A mí hay varias cosas que me han llamado la atención de todo esto, dos están relacionadas con cosas que creímos siempre que eran positivas y, realmente, no lo son tanto. ¿Os acordáis cuando se presumía de que España era uno de los países con mayor esperanza de vida? No sé para qué sirve eso si somos incapaces de cuidar a nuestros mayores, apartándolos de la sociedad, dejándolos en residencias donde, por desgracia, tantos han muerto. Que sí, que la vida es así, que la gente no puede cuidar de sus mayores, que todo el mundo trabaja fuera hoy en día, que vivimos muy rápido, nuestro ritmo diario es incompatible con sus requerimientos. Pero esa misma necesidad que ha sentido la gente de correr a los bares a tomarse la cerveza con sus amigos, esa necesidad de sentirse parte de la tribu la hemos dejado solo para la parte del ocio, para el disfrute, no para la responsabilidad y los cuidados. Y, ¿os acordáis cuando, en las épocas peores de cualquier crisis, algunas comunidades –como la mía– seguían aguantando gracias al turismo? El turismo lo era todo, el turismo nos salvaba pero, ese mismo turismo nos ha llevado ahora a una situación absolutamente impensable hace unos meses. Lo hemos jugado todo a una carta, nos hemos arriesgado y hemos perdido. Nos esperan tiempos difíciles, mucho.

Yo he aprendido muchas cosas de mí misma en estos meses y no todas me gustan, la verdad. Otras igual sí. Y me ha servido para muchas cosas también este estado de alarma. Puede que la más importante es descubrir que, aunque no lo creas, puedes vivir sin muchas cosas que pensabas imprescindibles. Aunque miento al decir que es una lección aprendida de estos días. Tal vez sí ha sido la traca final de un aprendizaje de varios años. Eso tiene un lado positivo y otro negativo. El positivo es la capacidad de adaptación: pase lo que pase, puedo sobrevivir. El negativo es un poso de desasosiego del que no soy capaz de desprenderme, un punto de pasotismo, un “me apetece esto pero, si no lo hago, tampoco pasa nada”. Me asusta un poco eso, no sé a qué va a derivar o hacia dónde va a ir. Supongo que podría obtener algo positivo de ello, pero aún no soy capaz de verlo. Supongo que volverá el entusiasmarme por las cosas. Supongo que, en algún momento, recuperaré la ilusión por la vida más allá de las cuatro paredes de mi casa. Y de mi balcón, tal vez mi gran descubrimiento de este estado de alarma. Volver a ilusionarme con las plantas, descubrir la felicidad que me da ese pequeño espacio que no es fuera, pero tampoco es dentro.

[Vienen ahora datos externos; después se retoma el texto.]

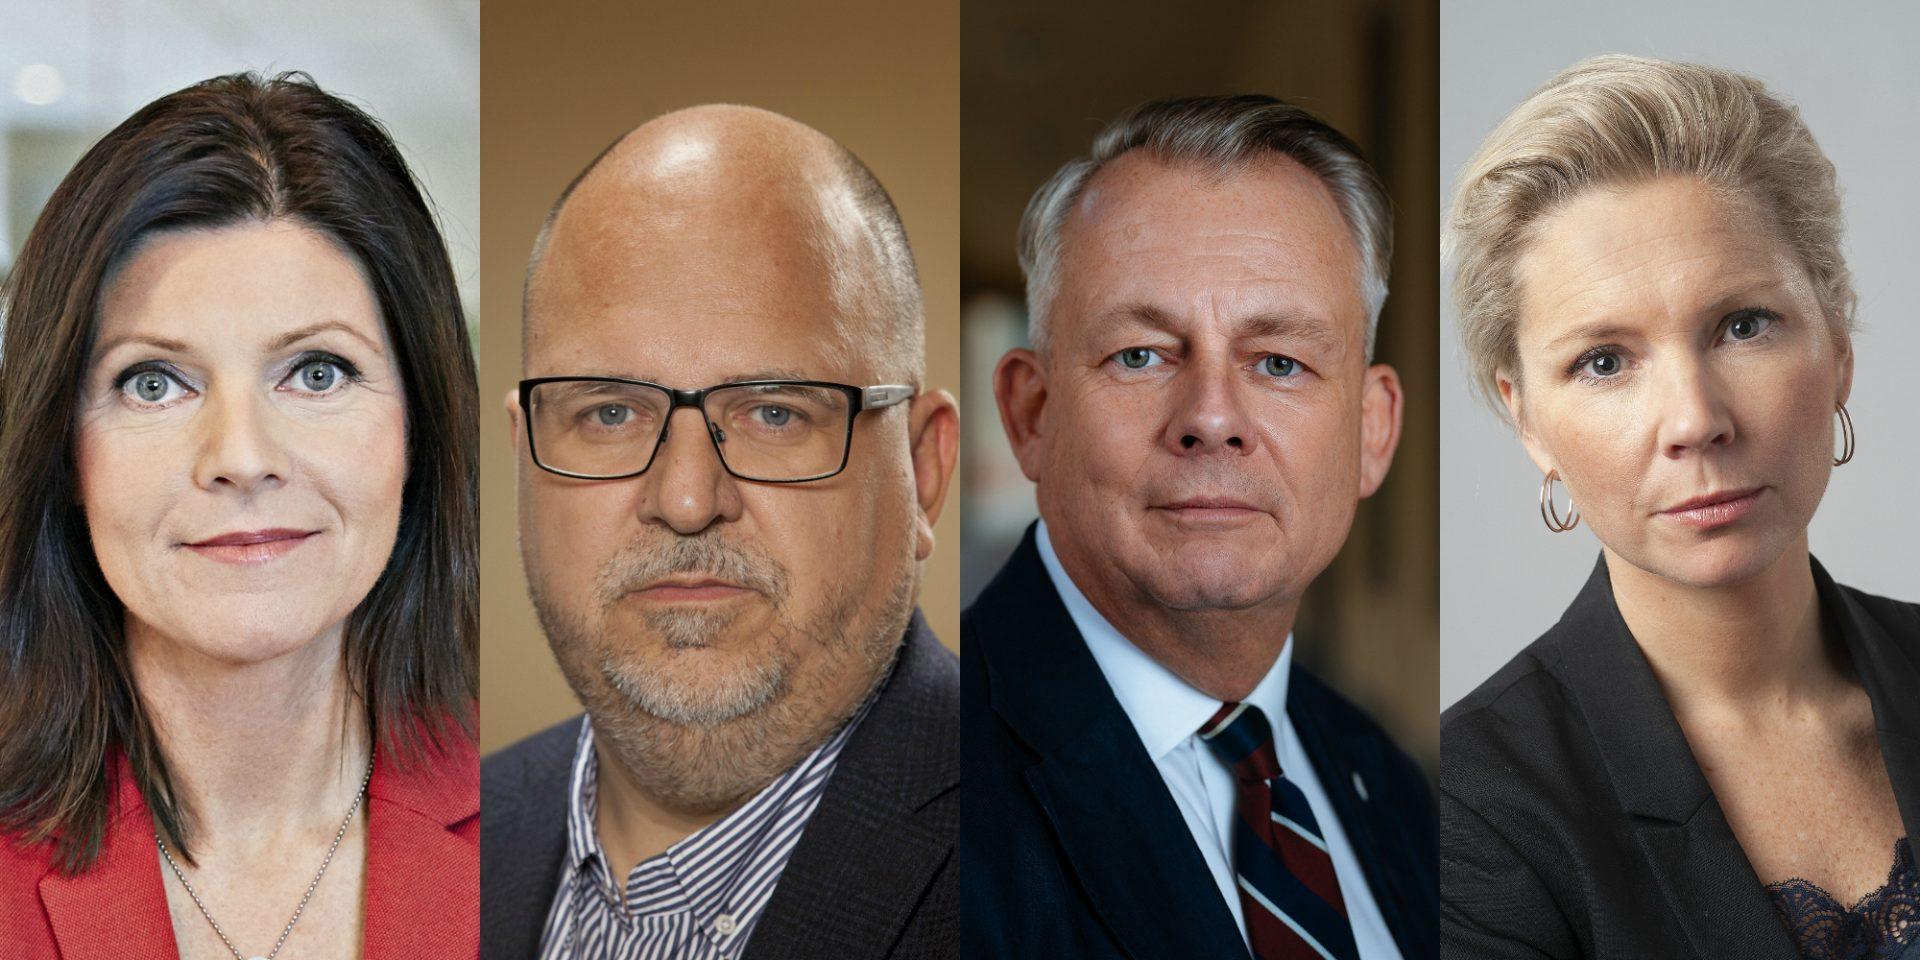 Situationen i världen är nu så pass allvarlig att Sverige som biståndsaktör måste tydligt markera vikten av en stark, global fackföreningsrörelse, skriver Eva Nordmark, Karl-Petter Thorwaldsson, Göran Arrius och Sofia Östmark.

Sigo teniendo días en los que siento que me voy a comer el mundo y días en los que solo quiero hacerme un ovillo y dejar pasar las horas. Ya lo dije en algún momento: no hago mucho caso ni a los unos ni a los otros. ¿Veis? De nuevo el desasosiego. Y aún así, en estas circunstancias, en esta incertidumbre, hay pequeños detalles que me tocan de manera peculiar, casi exageradamente. Un libro que me hace llorar como hace tiempo que no hacía. Una conversación que me deja una sonrisa en los labios durante horas. Una luz encendida que me da una paz inexplicable. El movimiento tranquilizador de una cortina ondulándose por efecto de la brisa primaveral. No creo que esto, el observar así los detalles, el sentirlos, vaya a cambiar cuando acabe el estado de alarma, al menos no inmediatamente, mientras no volvamos del todo a la vorágine anterior a esto. O sí, qué sé yo ya. Todo es incierto, todo es caos, todo está aún por escribir.

En las fotos, mis ginkgos el día 15 de marzo, primer día del estado de alarma, y hoy, 20 de junio. Menuda aventura la de estos 98 días, en tantos y tantos sentidos.

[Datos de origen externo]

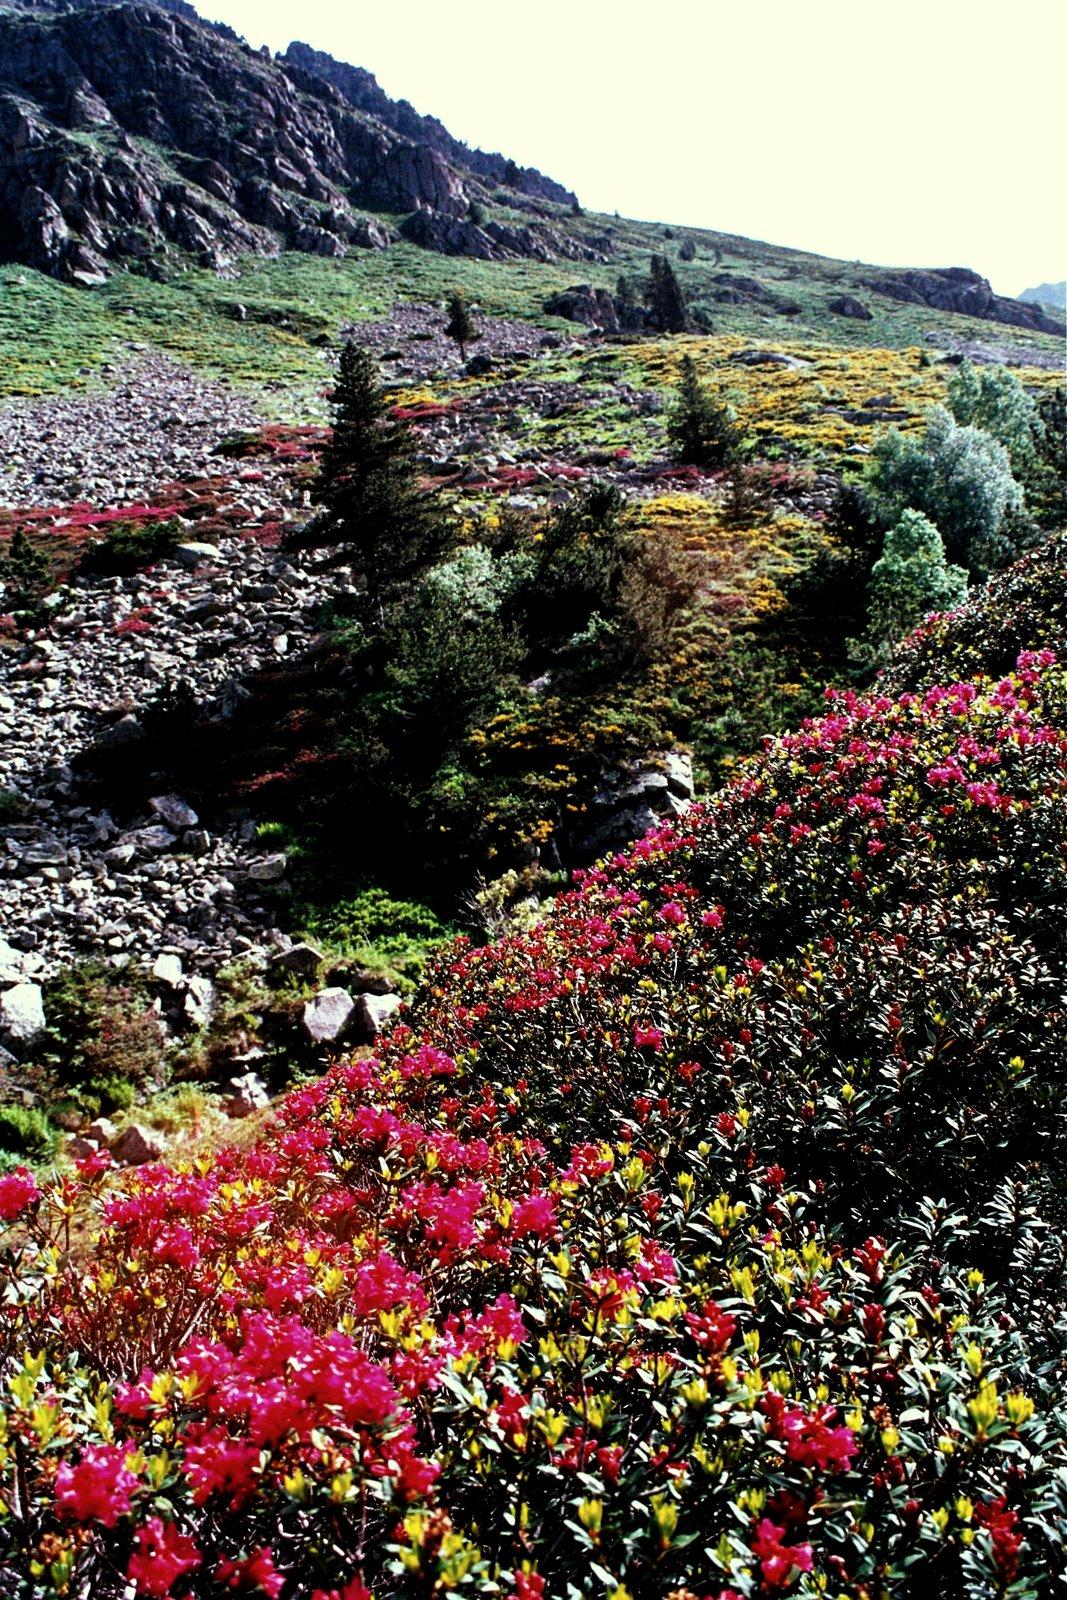 rododendrony powyżej Merens le Valls w drodze do Besiness, połowa czerwca

domingo, 7 de junio de 2020

En fase

Dos semanas en Fase 1.

Dos semanas en Fase 2.

La vida sigue, mayormente confinada, pero con algunas excepciones, con algunos alivios, navegando suavemente hacia eso que llaman “nueva normalidad”.

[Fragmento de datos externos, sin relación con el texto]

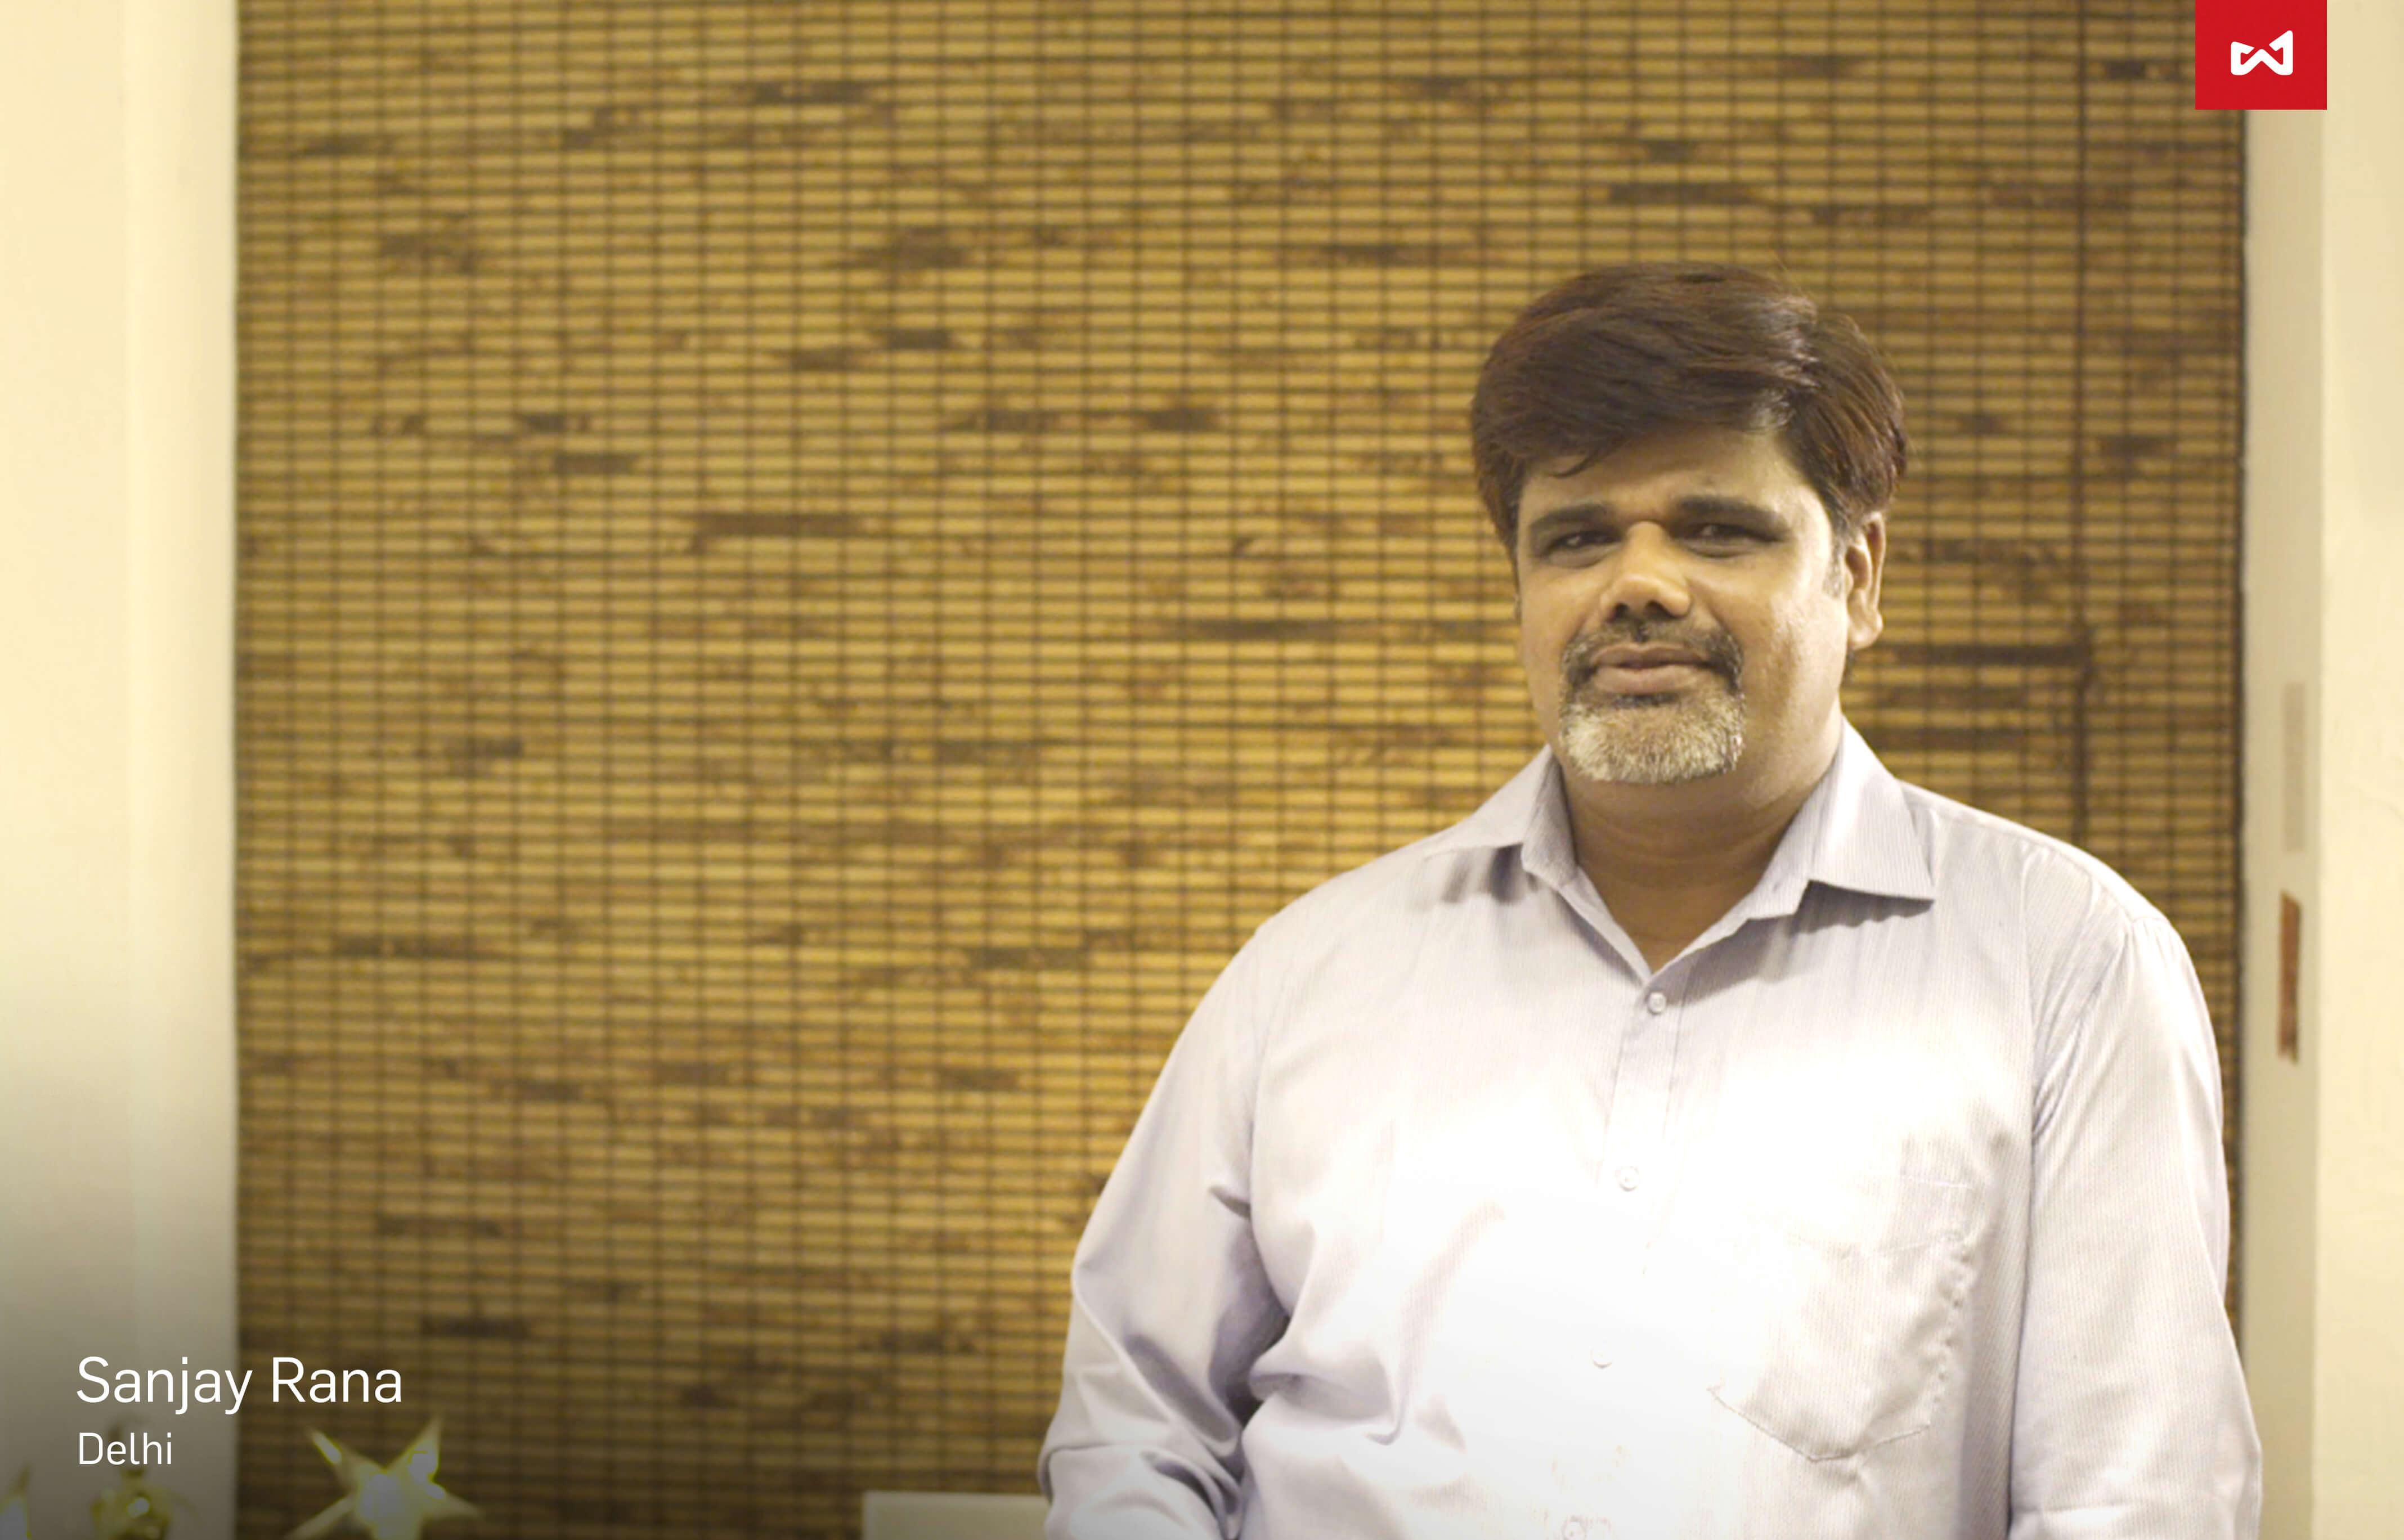 Sanjay Rana

Si duermo mucho y bien, al día siguiente soy feliz. Si duermo poco o mal, lo veo todo negro. Creo que esto ya lo conté.

Mañana entramos en Fase 3 pero, en realidad, no creo que mi vida cambie demasiado a cómo ha sido en las últimas semanas. Teletrabajo. Empezar a quedar con amigos. Y poco más. Quiero recuperar lo de salir a caminar, a primera hora de la mañana. Pero ahora que las noches empiezan a ser cálidas, me gusta pasar un rato sentada en el balcón, tranquilamente, leyendo, escuchando música, viendo series o, simplemente, estando ahí. Así que se me hace tarde, no me voy a dormir tan pronto como acostumbraba al principio de la pandemia, cuando aún era invierno.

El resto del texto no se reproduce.